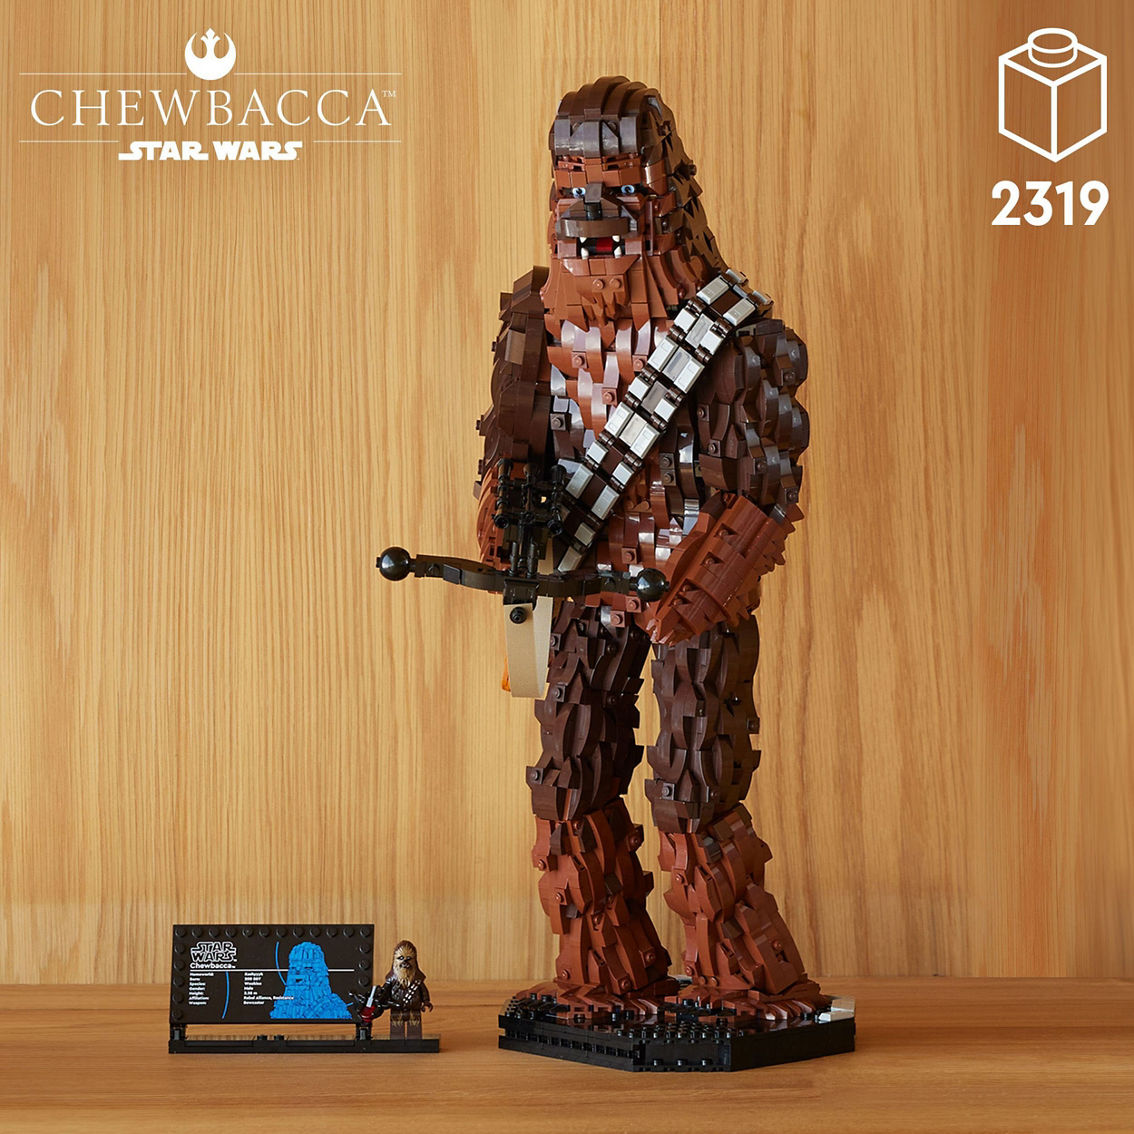 LEGO Star Wars Chewbacca Figure Building Set for Adults 75371 - Image 9 of 10
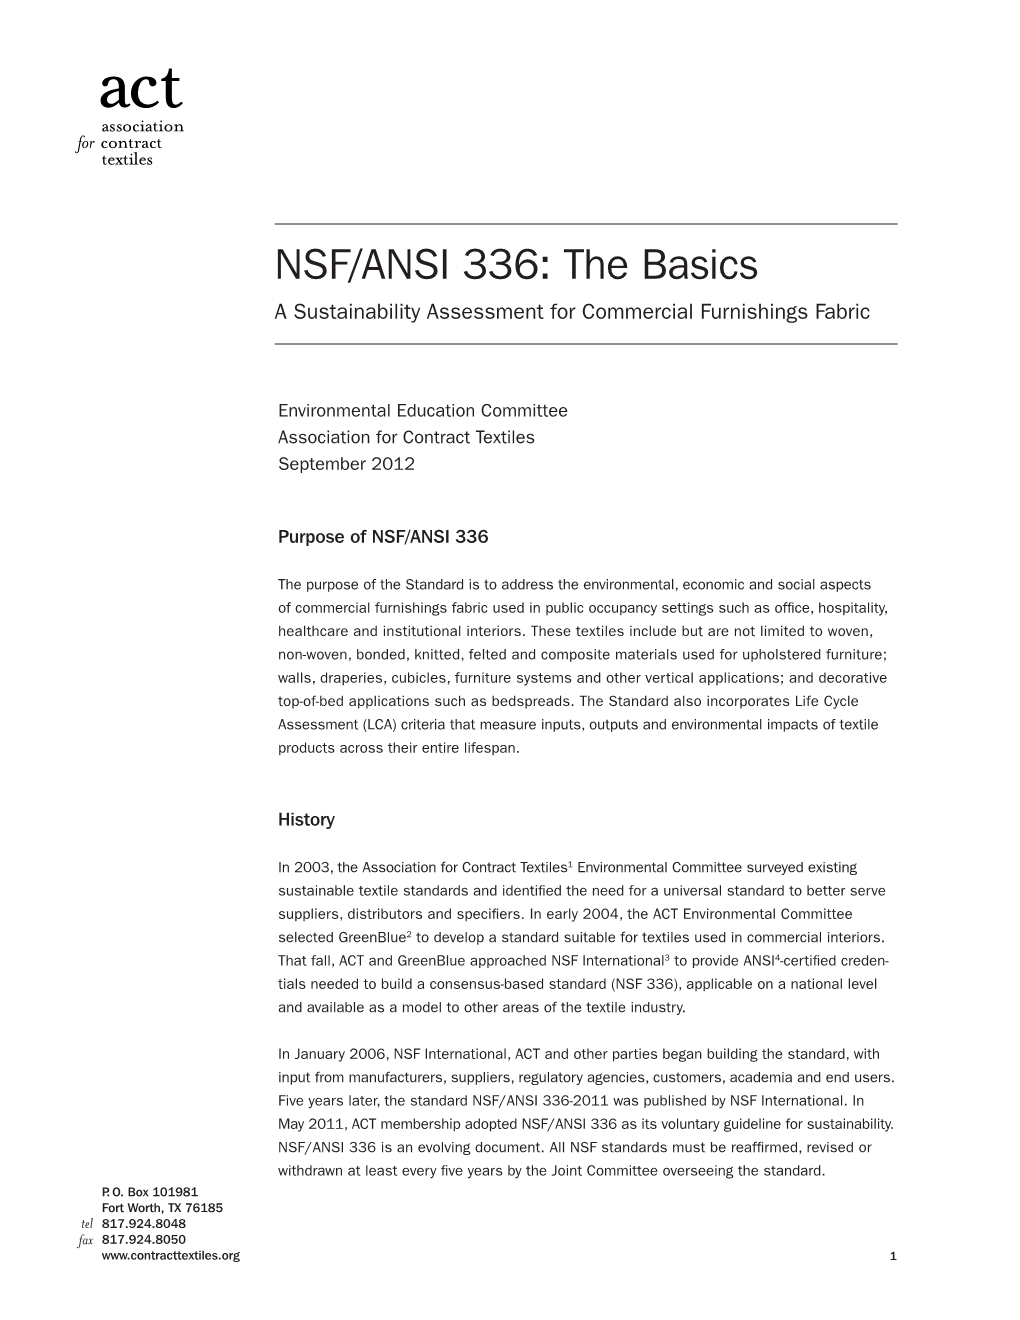 NSF/ANSI 336: the Basics a Sustainability Assessment for Commercial Furnishings Fabric
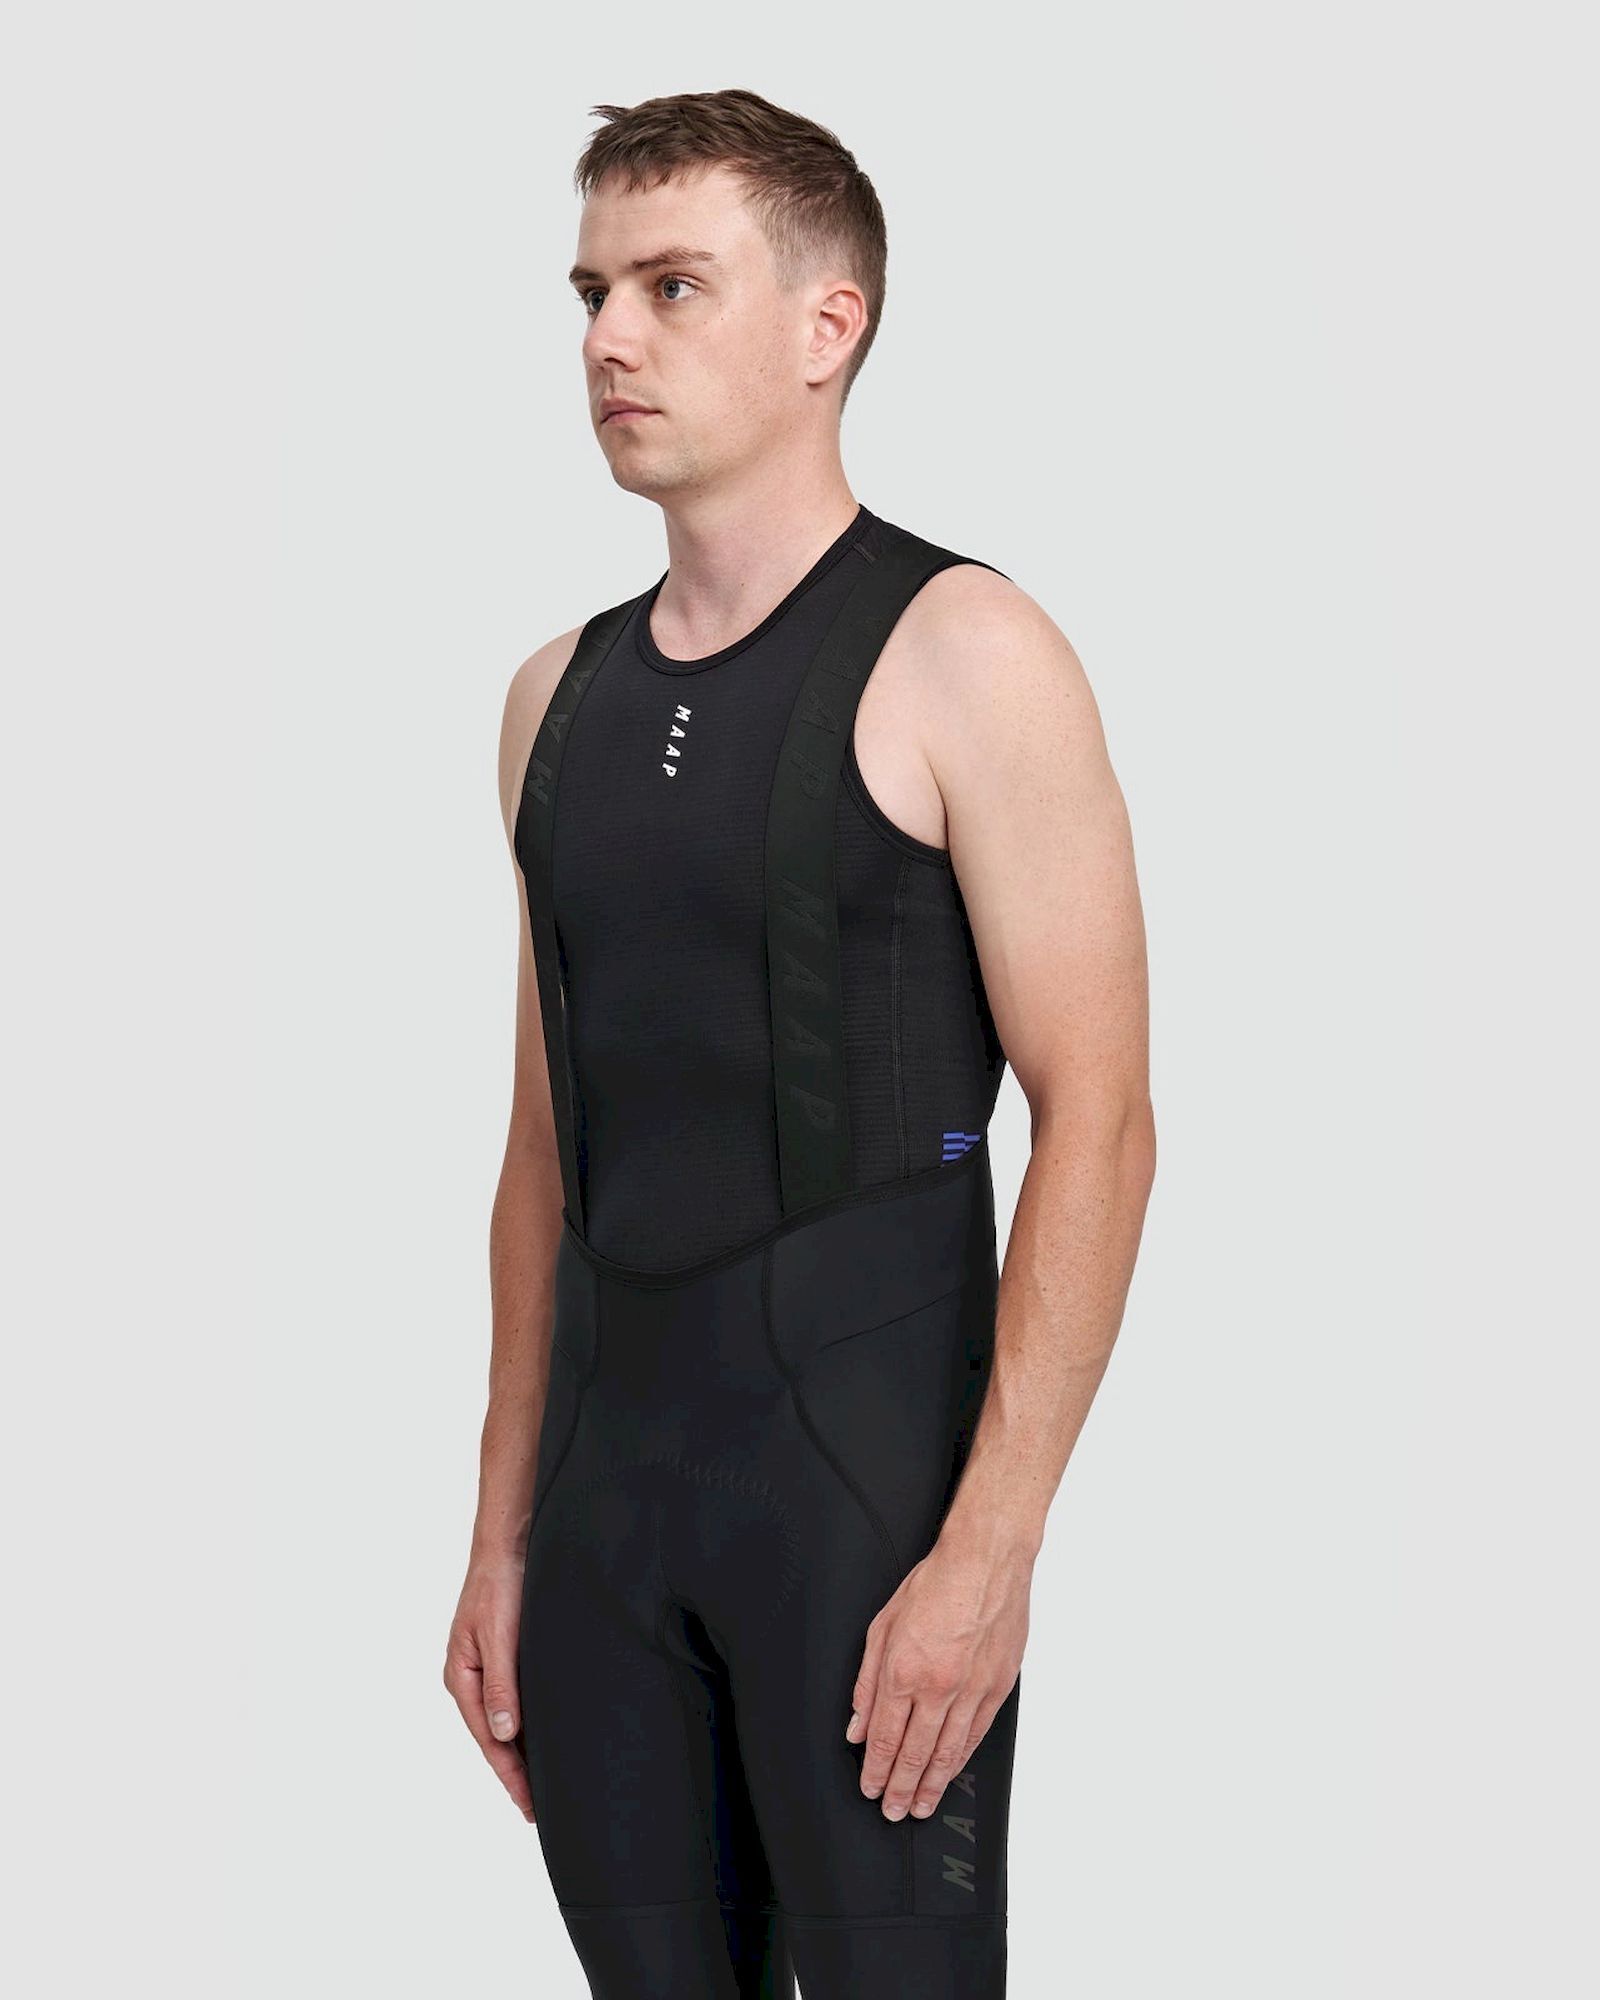 Maap Thermal Base Layer Vest - Ropa interior - Hombre | Hardloop

****************************************

Print the material precisely as given, dropping any images it holds.

 LEGO Star Wars Chewbacca Figure Building Set for Adults 75371 - Image 9 of 10
 NSF/ANSI 336: the Basics a Sustainability Assessment for Commercial Furnishings Fabric
 Maap Thermal Base Layer Vest - Ropa interior - Hombre | Hardloop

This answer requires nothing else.